Jelitkowo (Glettkau) is one of the quarters of Żabianka-Wejhera-Jelitkowo-Tysiąclecia in the city of Gdańsk, just south of Sopot, Poland.

As part of the Crown of the Kingdom of Poland it was a private church village of the Cistercian Monastery in Oliwa, administratively located in the Gdańsk County in the Pomeranian Voivodeship.

Located on the seaside, with beautiful sandy beaches, the town became known as an Ostsee-Bad Glettkau, a Baltic Sea (spa-vacation town). Some important hotels, windsurfing schools, and centres of water sports are in today's Jelitkowo. In the past, an old tram route ran from Danzig, the main city, to the tram loop in Glettkau. It now runs from Gdańsk to Jelitkowo.

The population (together with Żabianka) is 23,145 inhabitants on an area of 2.1 km^{2} (population density 10,923 inhabitants/km^{2}).

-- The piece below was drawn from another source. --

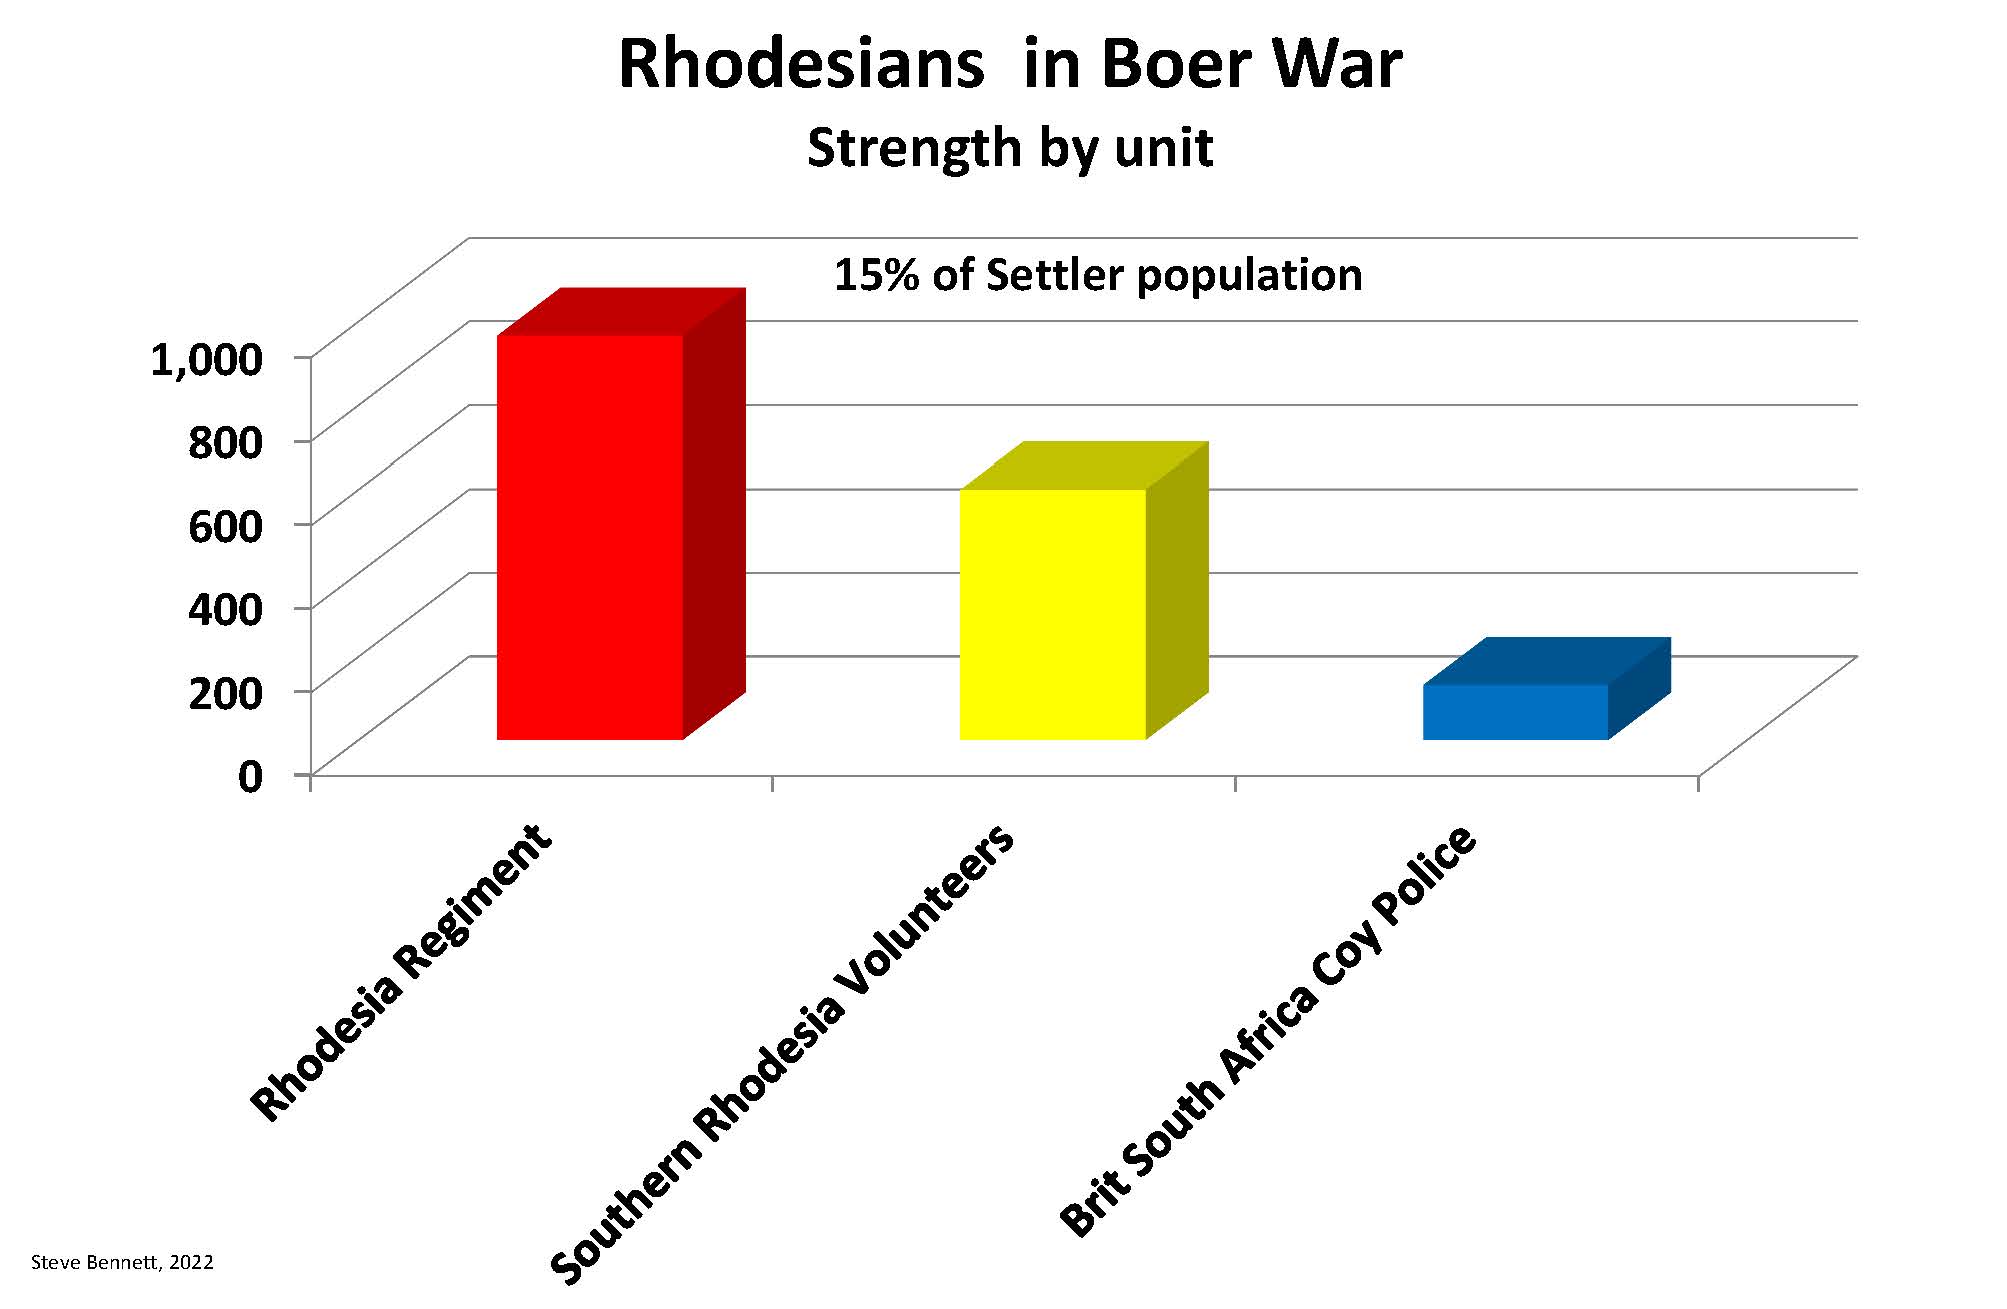 Chart showing units of Rhdesian forces that fought in Boer War

Sea-front Jelitkowo encompasses coastal Jelitkowo Beach, famous in the summer with local people, who package the Out Door health club, windsurfing schools, and volleyball courts. Park Jelitkowski includes calm, shaded paths, and a couple of historical, white-washed fishermen's cottages sit close to its northwestern border. Ice cream kiosks and bucolic beer bars miss the shore, with al-fresco taverns offering breaded cod or herring dishes.